The base sequence of modification detection probe is as shown in SEQ ID No.10;The base sequence of second wild type detection probe such as SEQ ID
Shown in No.11, the base sequence of the second saltant type detection probe is as shown in SEQ ID No.12;3rd wild type detection probe
Base sequence as shown in SEQ ID No.13, the base sequence of the 3rd saltant type detection probe is as shown in SEQ ID No.14;
The base sequence of 4th wild type detection probe is as shown in SEQ ID No.15, and the base sequence of the 4th saltant type detection probe is such as
Shown in SEQ ID No.16;
First wild type detection probe, the second wild type detection probe, the 3rd wild type detection probe and the first wild type
5 ' ends of detection probe are marked with the first fluorophor, and 3 ' ends are marked with the second fluorescer group;First saltant type detection probe,
5 ' ends of the second saltant type detection probe, the 3rd saltant type detection probe and the 4th saltant type detection probe are marked with the 3rd fluorescence
Group, 3 ' ends are marked with the second fluorescer group.

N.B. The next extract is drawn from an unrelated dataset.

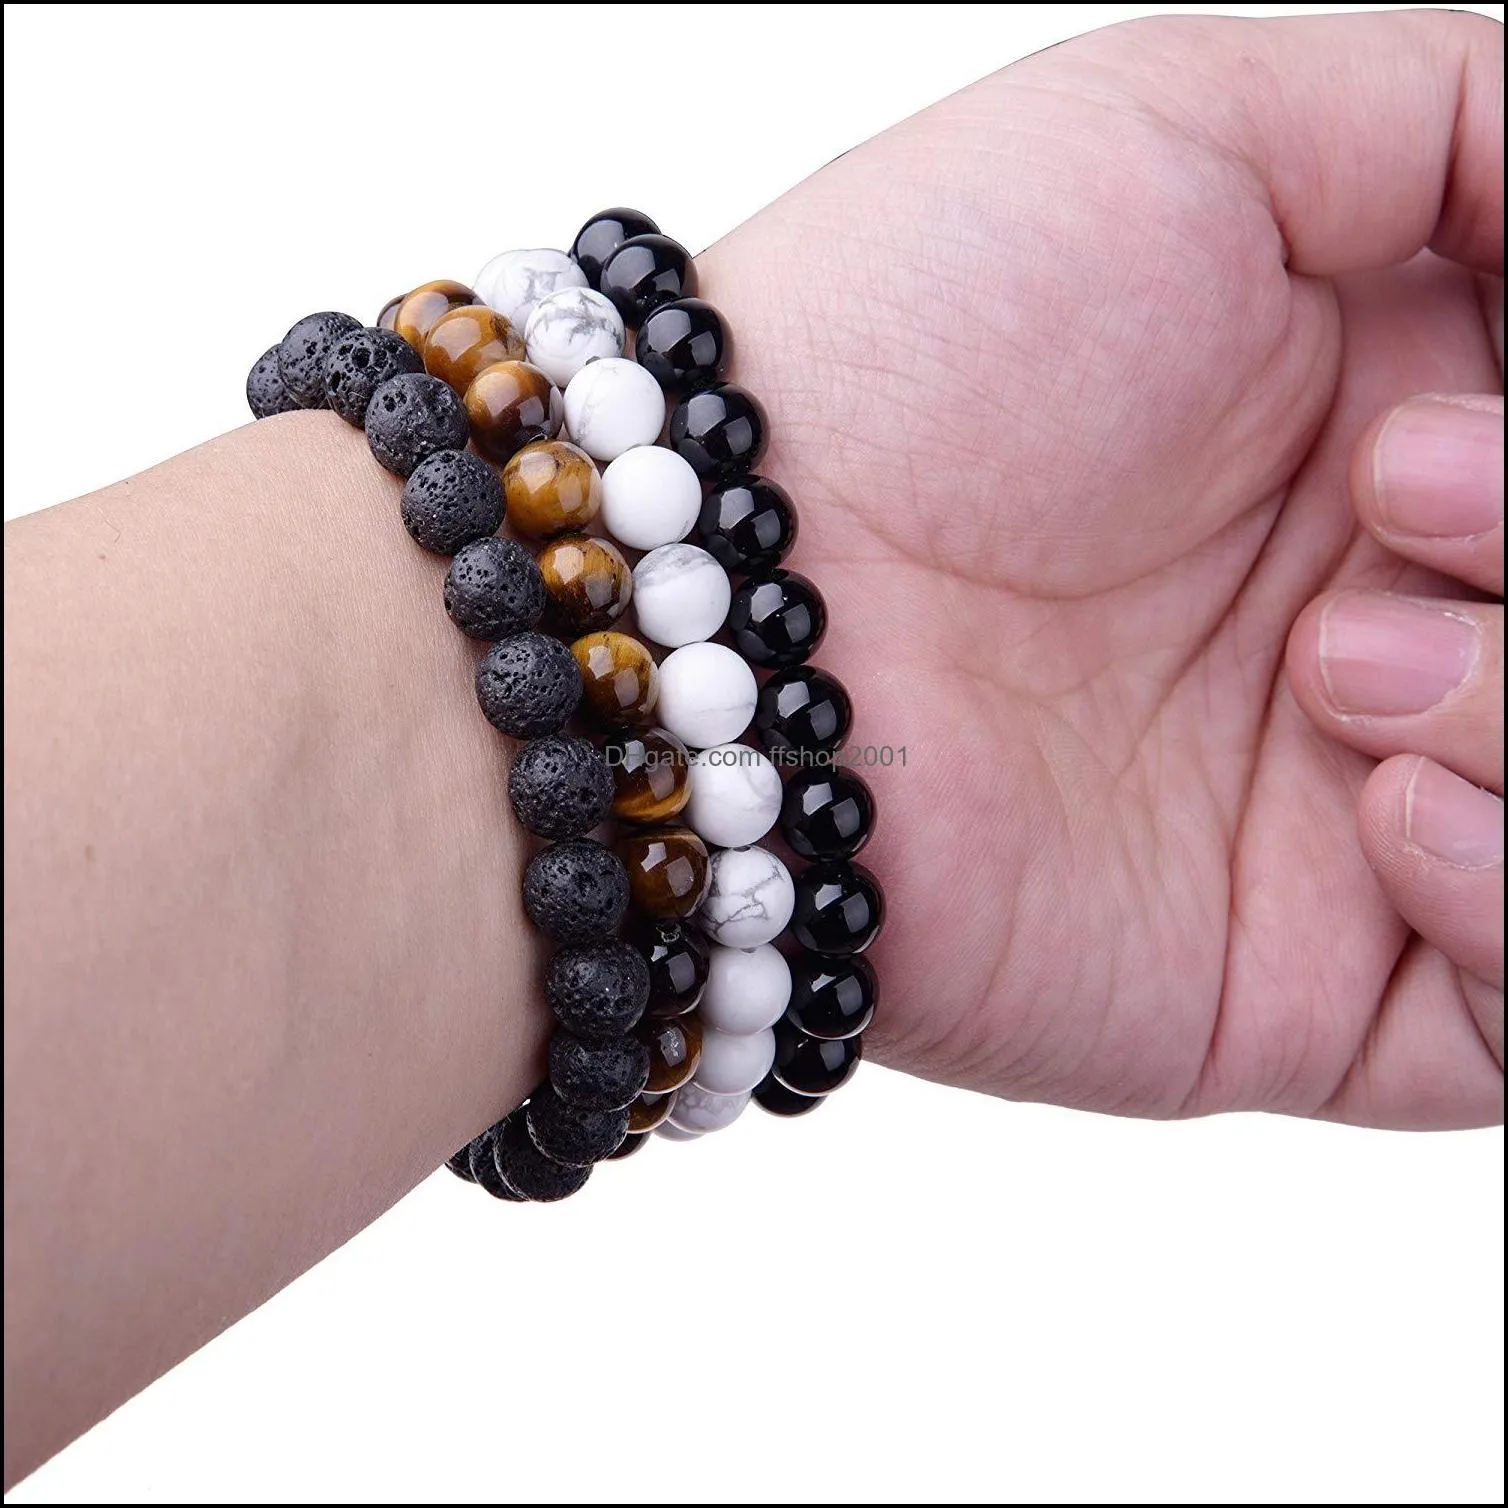 handmade 8mm natural lava stone bead bracelet for men women adjustable oil perfume diffuser healing bracelet stretch yoga jewelry

When being reacted, the first wild type detection probe, the first saltant type detection probe and the first primer pair are same
When use;Second wild type detection probe, the second saltant type detection probe use simultaneously with the second primer pair;3rd wild type is examined
Probing pin, the 3rd saltant type detection probe use simultaneously with three-primer pair;4th wild type detection probe, the inspection of the 4th saltant type
Probing pin uses simultaneously with the 4th primer pair;Four pairs of different primer pairs, for different sites, and different probes, then may be used
To reflect different genotype;Due to the wild type detection probe and the fluorescence of saltant type detection probe mark of different genotype
Group is different, therefore produces different fluorescence;By different fluorescence signals it may determine that going out different genotype, carry out quick
Genotyping.First primer pair corresponds to CYP2C19*2 genes;Second primer pair corresponds to CYP2C19*3 genes;Three-primer pair
CYP2C19*17 genes are corresponded to the 4th primer pair.
Further, in presently preferred embodiments of the present invention, the first fluorophor be FAM, MGB, VIC, TET, JOE, HEX,
One kind in CY3, CY5, ROX, RED610, TEXASRED, RED670 and NED;Second fluorophor be FAM, MGB, VIC,
One kind in TET, JOE, HEX, CY3, CY5, ROX, RED610, TEXASRED, RED670 and NED;3rd fluorophor is
One kind in FAM, MGB, VIC, TET, JOE, HEX, CY3, CY5, ROX, RED610, TEXASRED, RED670 and NED;The
One fluorophor, the second fluorophor and the 3rd fluorophor differ.
A kind of fluorophor is selected when the first fluorophor, the second fluorophor and the 3rd fluorophor difference, is conveniently entered
Row fluorescence is distinguished, and is more beneficial for the progress of detection.
Application of the Nucleic acid combinations of above-mentioned CYP2C19 Genotypings detection in the detection of CYP2C19 Genotypings.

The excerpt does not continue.